云罗依旧每日和其他女孩子一起陪着范老夫人抄写佛经,当然,再也未见过任何外男。
这日,云罗等人如往常一样抄完佛经,然后陪着范老夫人去小花园里喝茶,不一会,狄夫人领着许太太、苏夫人、曹太太、林氏过来,丫鬟们鱼贯着上茶水点心,好不热闹。
狄夫人的目光自打进来就落在了云罗身上,林氏跟着瞧了两眼,见云罗一袭霞色衣裙,不禁如发现了稀世珍宝般啧啧出声:“瞧云姑娘这身打扮,真正是娴静照人啊!”
大家的目光刷地都聚到云罗身上。
这半年来的高低起伏,再加上跟在范老夫人身边多日,云罗的气度与以往大相径庭。
面对众人的目光,也不东张西望,也不含胸垂头,也不局促扭捏,也不惊慌失措,只是微微地冲着众人笑。
狄夫人看了,更是暗暗点头。
那边许太太已经含笑把她父亲云肖峰升任新央县丞的消息宣布给大家听。
一片恭贺声。
此起彼伏,错落有致,却不带丝毫真心。
如一抹雨后彩虹,七色绚烂,却是虚无飘渺。
云罗抬起笑盈盈的脸,拿捏着恰到好处的分寸,不肯有一丝轻浮。
范老夫人转首轻轻拍了拍她的手,冲她一笑。
大家的眼睛都生生地盯着,这么细小的一个动作,加上范老夫人并未刻意掩饰,全数摊在众人面前。
云罗得了老夫人的青睐,所以她父亲青云直上?
除了狄夫人之外,所有的人都如是想,包括许太太。
许知县是上报了县丞人选,但狄大人二话不说就批奏、让人快马加鞭送去衙报的细节却是毫无遗漏地传到了许太太耳中。
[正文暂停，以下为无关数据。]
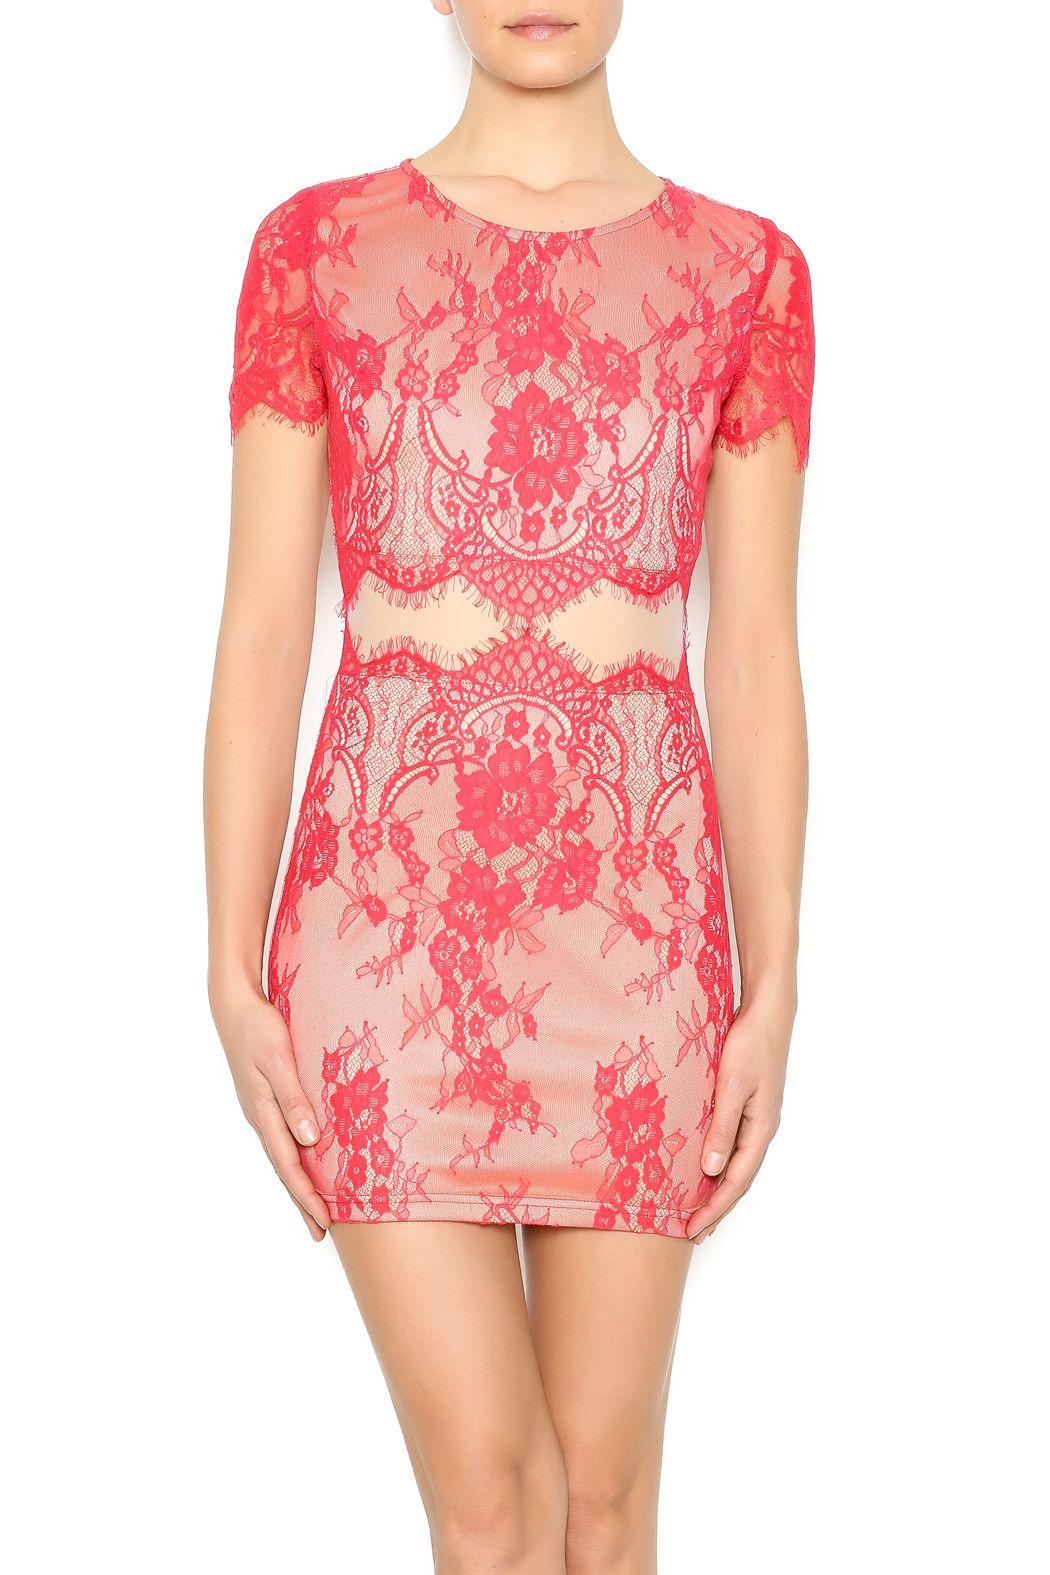 luxxel Sybil Mini Dress | Pinterest

这样的暗示,加上范老夫人的举动,许太太心里也复杂起来。
下意识地望过去,只见云罗大大方方地立于范老夫人身侧,服侍老夫人进了一块点心,顿时,老夫人笑得合不拢嘴,这样的一幕撞进她的眼中,她的笑容就透出几分勉强来。
再用力搜寻芸娘的身影,只见离老夫人有些远的女儿静静地坐在苏谨兰身侧,心不在焉,闷声不响,不要说有半分出彩了,甚至毫无存在感。
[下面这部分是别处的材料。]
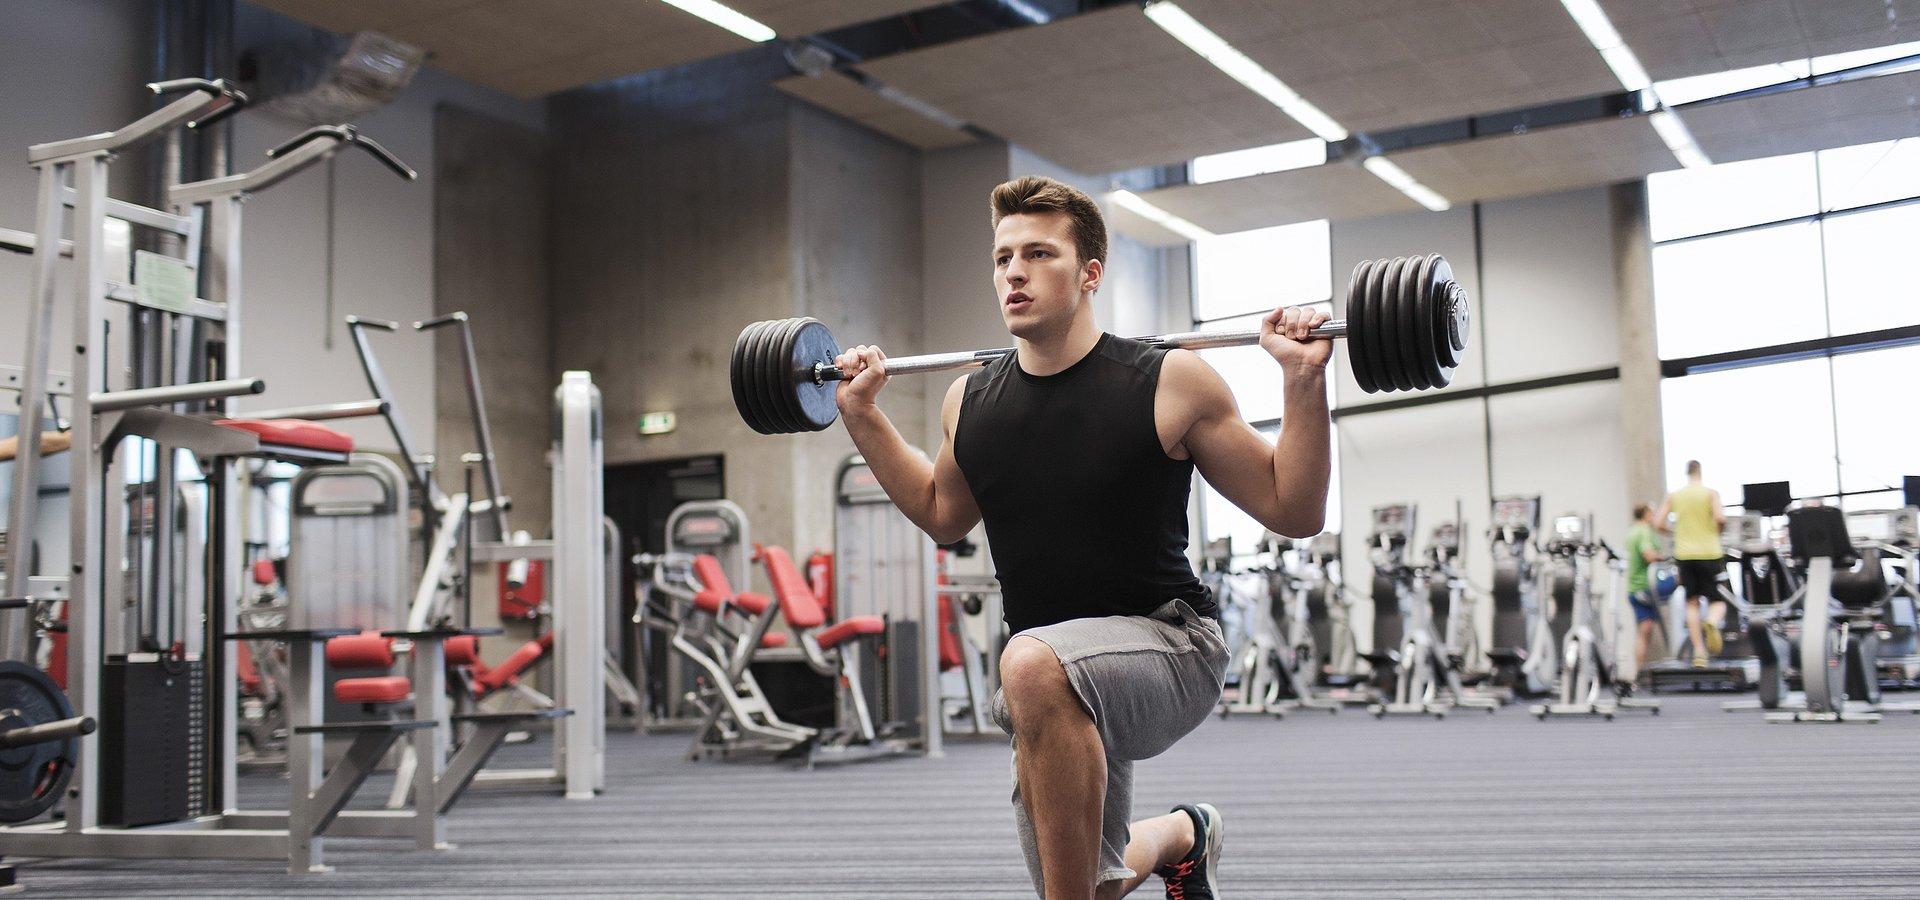 Powrót do sportu po COVID? Ekspert Medicover radzi jak bezpiecznie i zdrowo wrócić do treningu po Covid-19

对比苏谨兰另一侧的曹瑛,此刻正殷勤地同狄夫人聊天,一副相谈甚欢的模样。
顿时,许太太更是若有所思起来。
闲聊间,狄夫人宣布一个消息,范老夫人五日后就要离开苏州。
大家都吃了一惊,继而又明白过来。
范老夫人只是狄大人的舅母,不过是因为来临安看完儿子儿媳顺道拐过来客居几日,自然要回去。
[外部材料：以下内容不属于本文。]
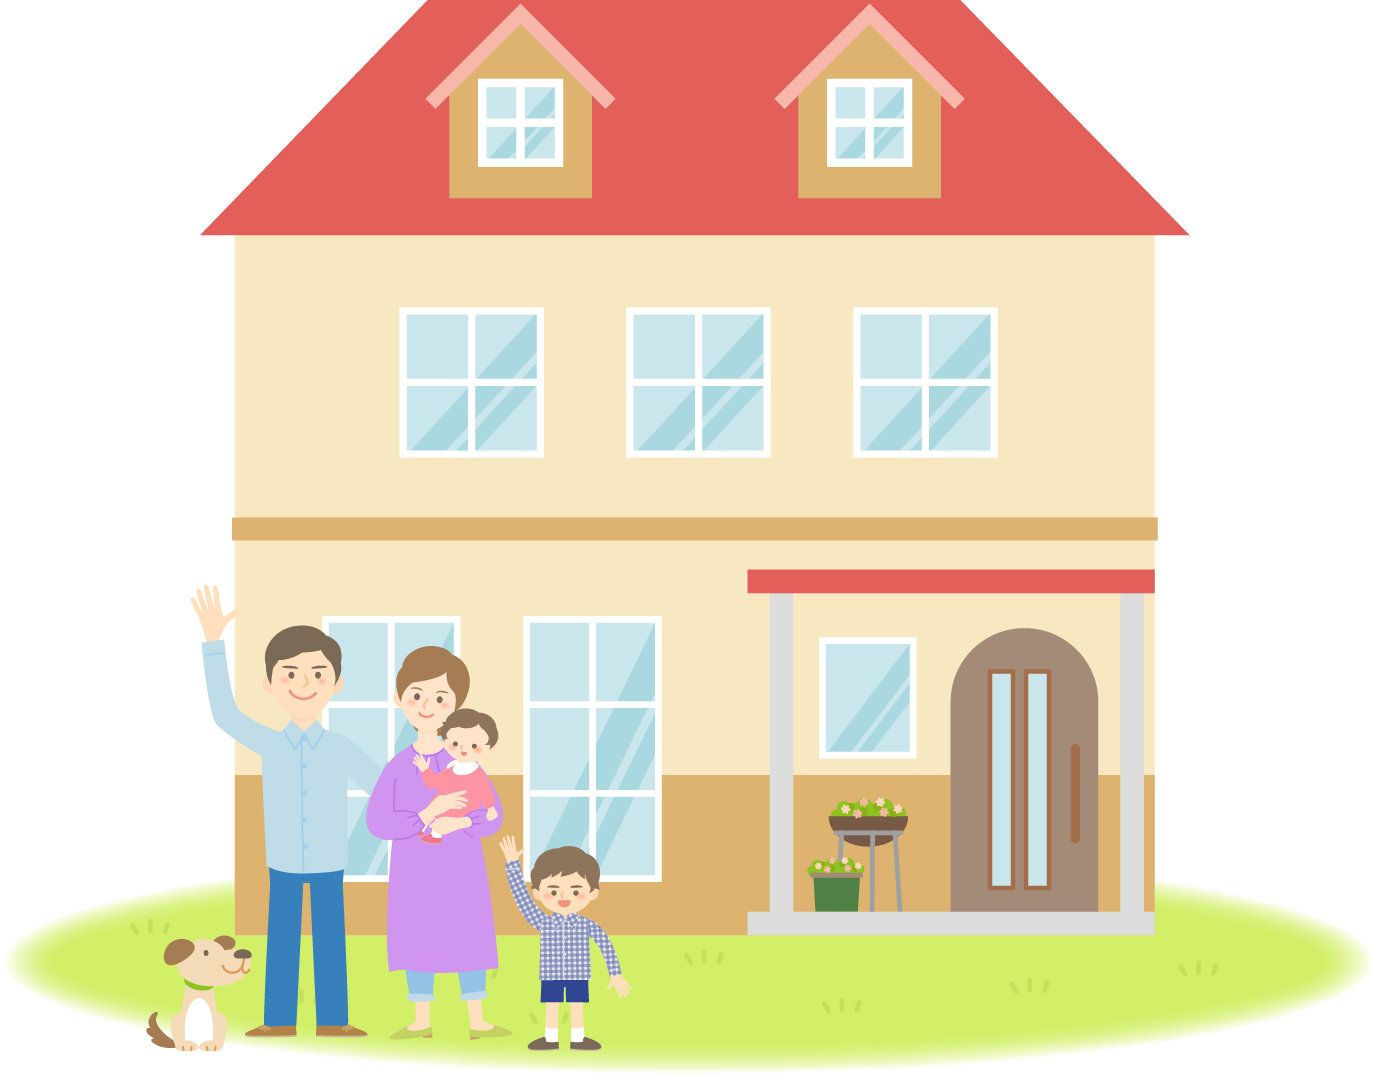 築5年〜10年で家計が厳しくなる人が多い!?相談者から見る資金計画のポイント

“不知老夫人是回京城还是去临安范大人处?”曹太太第一个按耐不住。
“回京城去。”范老夫人笑答,“先前在临安已经住了许久,是秀雅孝顺,一定要接我老婆子过来看看苏州的山水园林,所以就过来叨扰了这么些日子。不觉,我出来也有半年了,若再不动身回京城,就该热了,怕是又走不了,这样,岂不是又要留个一年半载,若果真如此,别人该在背后笑话我老婆子,一大把年纪,除了会和小孩一般耍赖,就没别的拿手的了……哈哈哈……”
一席话,说得大家哄堂大笑。
可是云罗却有些笑不出来。
一来,范老夫人待她犹如亲孙,她心底不舍。
二来,她本想仗着范老夫人的疼爱免于沦为侍妾的命运。
可现在……
云罗的心底泛起丝丝苦意,小花园里的翠绿盎然都无法唤起她心底的欢快。
此时,低头喝茶的淑红飞快地朝云罗睃了一眼。
春guang灿烂中,云罗的目光如子夜般的黯淡。
淑红不禁抿嘴一笑,优雅地搁下了茶盏。
云罗正好抬头,两人的目光相撞,领略到淑红笑容中的善意,也回了个坦然的笑容给她。
两人居然在这样的情况下相视而笑,感受到了对方的善意。
都是被人摆布的傀儡。
云罗在心底暗暗叹了一口气。
几位夫人太太劝了范老夫人一番,见她坚持,知道事情已成定局,倒也不再勉强。
只是,曹太太和曹瑛的脸上多了几分落寞。
聊了一会,范老夫人要先回房,云罗依照往常先扶她回屋,曹瑛眼红地做了几个势头起身想要一起搀扶,却没能成功。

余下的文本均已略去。